Changing doctors opinions and prescribing practice is hard – just ask the pharmaceutical companies who spend millions trying to do so.
The biggest influencer in most areas of clinical practice is what doctors have learned at medical school and what they see and hear practised in their first few years of their training. Whilst new research and guidelines are important contributors to a doctor’s prescribing practice, overcoming these historical norms remains a challenge.
And this is the situation the UK medical cannabis movement currently faces.
As someone who has spent 20 years working with, and researching cannabis dependency, I have treated many hundreds of people whose lives have been negatively influenced by use, through dependence or its impact upon their mental and respiratory health.
I have known many happy, pretty functional people who smoke cannabis and experience predominantly positive experiences. While dependency at 10% of users (higher for those starting in adolescence) should not be ignored, it is a harm we want to minimise, and it will certainly not replicate the ongoing, prescription opioid-addiction crisis.
I have had patients who have disclosed their use to me with the specific intent of seeking my opinion on the medical utility of cannabis for a particular condition. Their reasons for disclosure often vary; Sometimes they are after justification for their use, sometimes they genuinely wanted to know if it might be useful, and other times they thought I should know, as part of their assessment and treatment.
I always value their willingness to share that detail and in some cases I fully support their rational for cannabis use. While I couldn’t say it was first-line or highly evidenced I know enough to provide what I thought is reasonable advice.

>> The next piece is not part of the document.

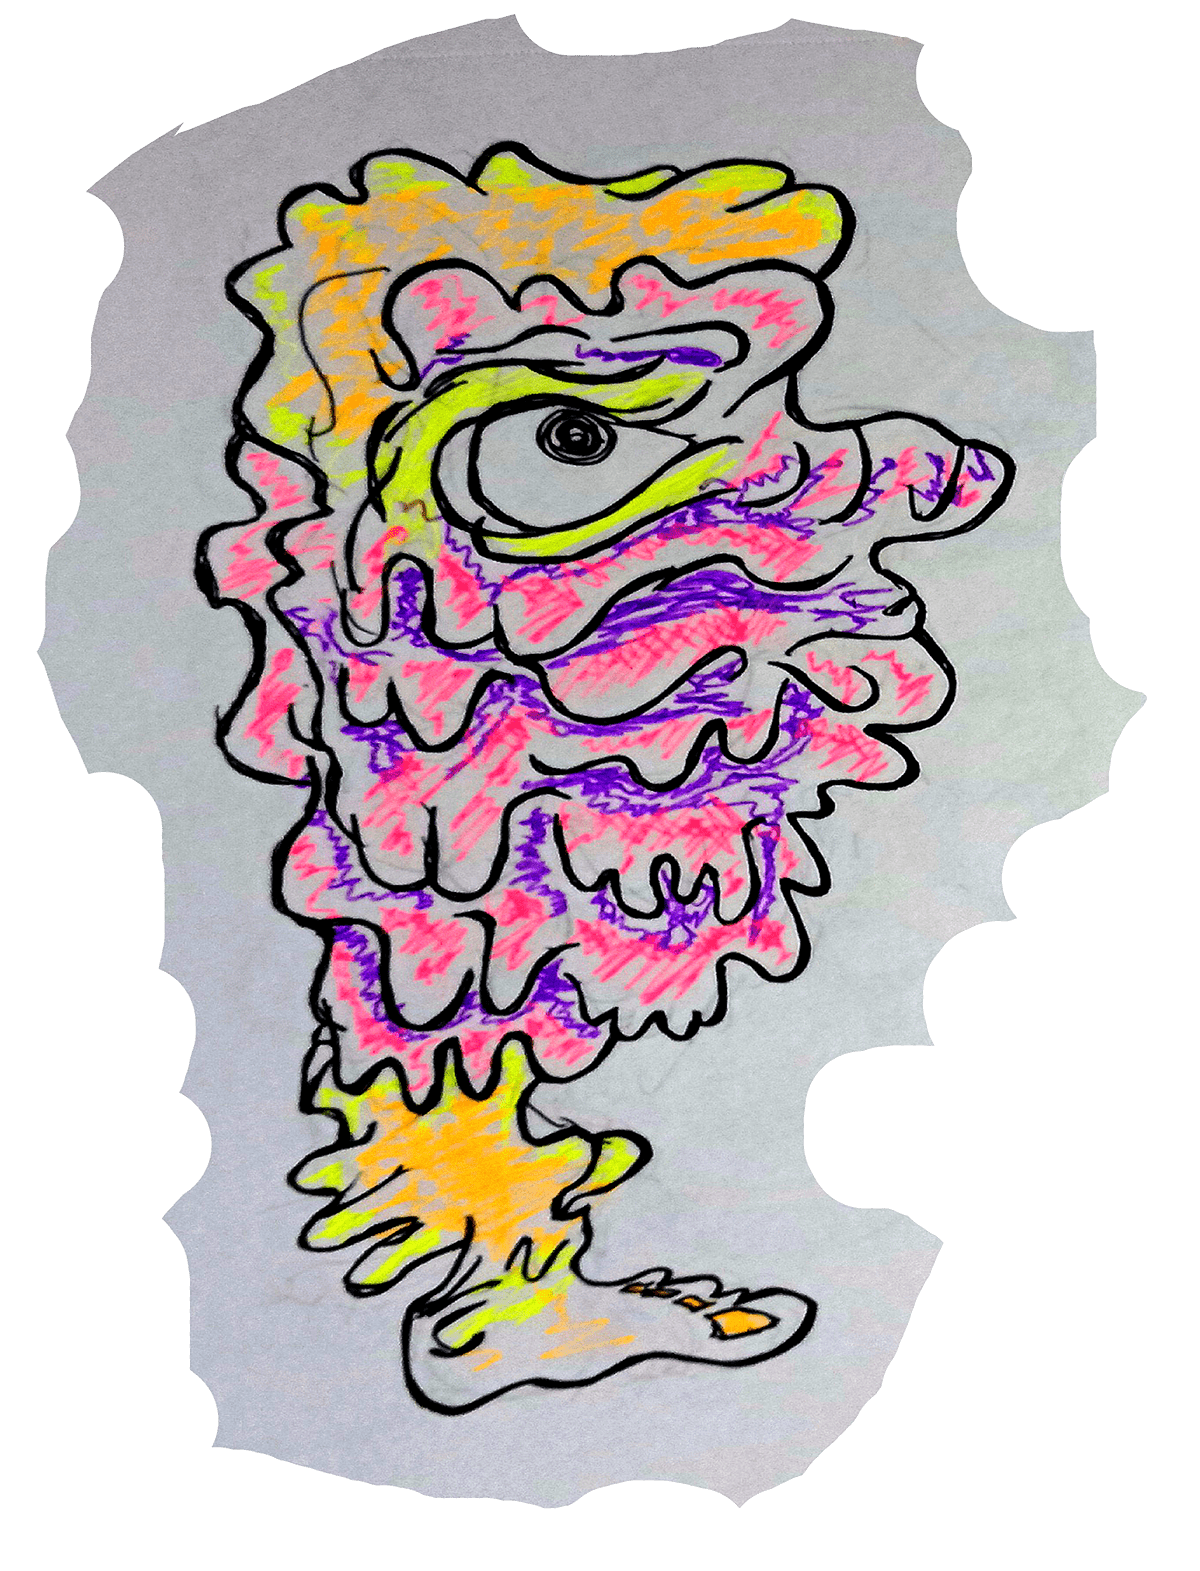 Character design  doodles freaks lowbrow monsters psychedelic surreal surrealism trippy trippy monster

As we move forward and hopefully find the current regulatory obstructions to prescribing cannabis in the UK wane, doctors are likely to see many more patients seeking cannabis for their conditions.

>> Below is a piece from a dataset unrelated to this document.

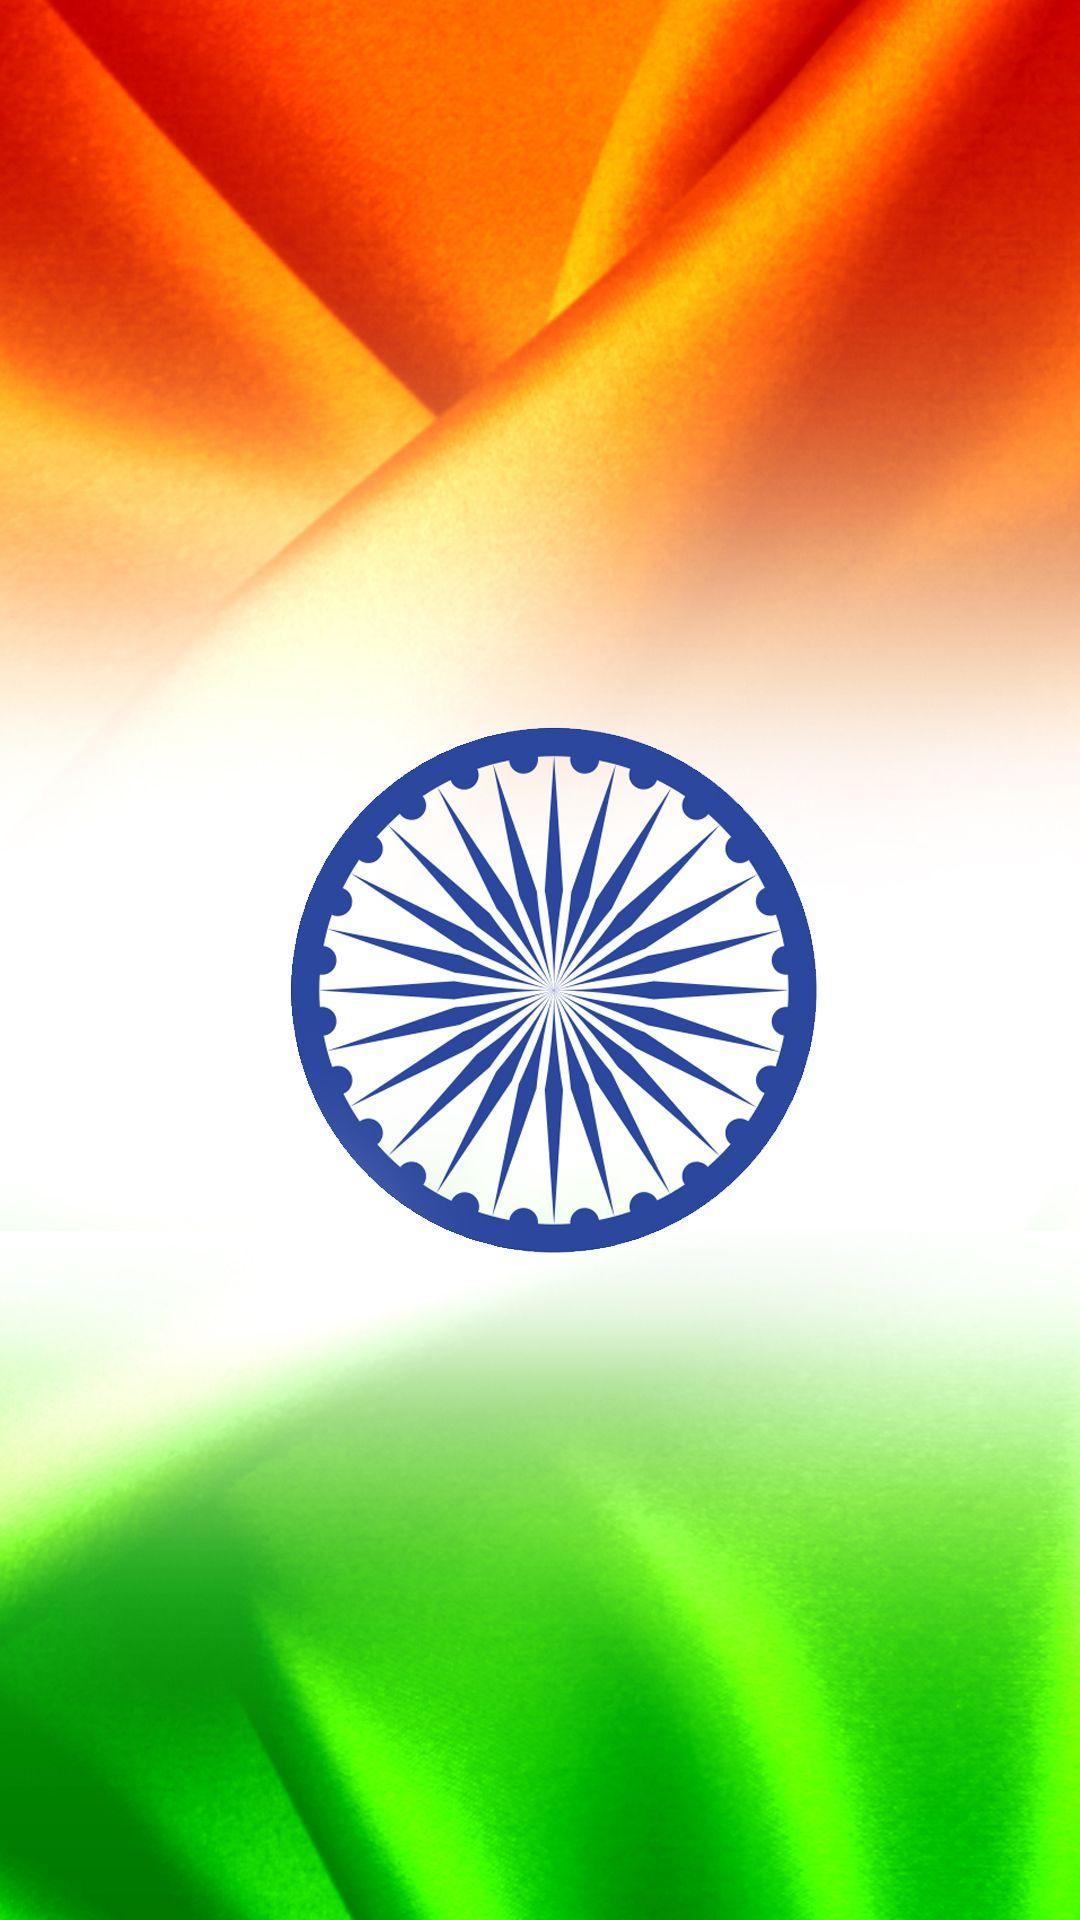 India Flag for Mobile Phone Wallpaper 11 of 17 India Flag Wallpaper. Wallpaper Download. High Resolution Wallpaper. Indian flag wallpaper, Indian flag, Indian flag photo

For doctors to step confidently into this arena there will need to be enhanced training of current medical students, further education and new guidelines support a change in culture and the preconceptions of current practitioners. It will require caution in the conditions we choose to start treating with cannabis. It will require more research and engagement of the medical cannabis community in dynamic feedback loops, so clinicians and patients can learn together what works best.
In the same way that cannabis is not a single drug – with over 100 active cannabinoids – medicinal cannabis will not be a single medicine.

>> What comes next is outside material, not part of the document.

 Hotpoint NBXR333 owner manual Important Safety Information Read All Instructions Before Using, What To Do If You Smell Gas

From ratios and doses of THC and CBD, to preparations, will it be; flower, resin, oils, liquid or tablet, or to route; vaping, oral, suppository, or topical, and then there are the dosing regimes; we have so much to learn. Selecting and navigating cannabis medicines is going to be way more challenging than managing prescribed opioids or benzodiazepines.
But the speed with which the medical world has woken up to therapeutic potential of cannabis gives reason to be optimistic.
Special licenses for cannabis did not arrive on the back of a landmark study; It was these stories that created such an overwhelming emotional response that things had to change. The spirit generated by these patient stories should act as the fuel to generate change in doctors’ subjective perceptions – and create a space for the cannabis evidence base and guidelines to catch up.
Things are changing; led by the heroic stories of parents fighting for their children’s lives.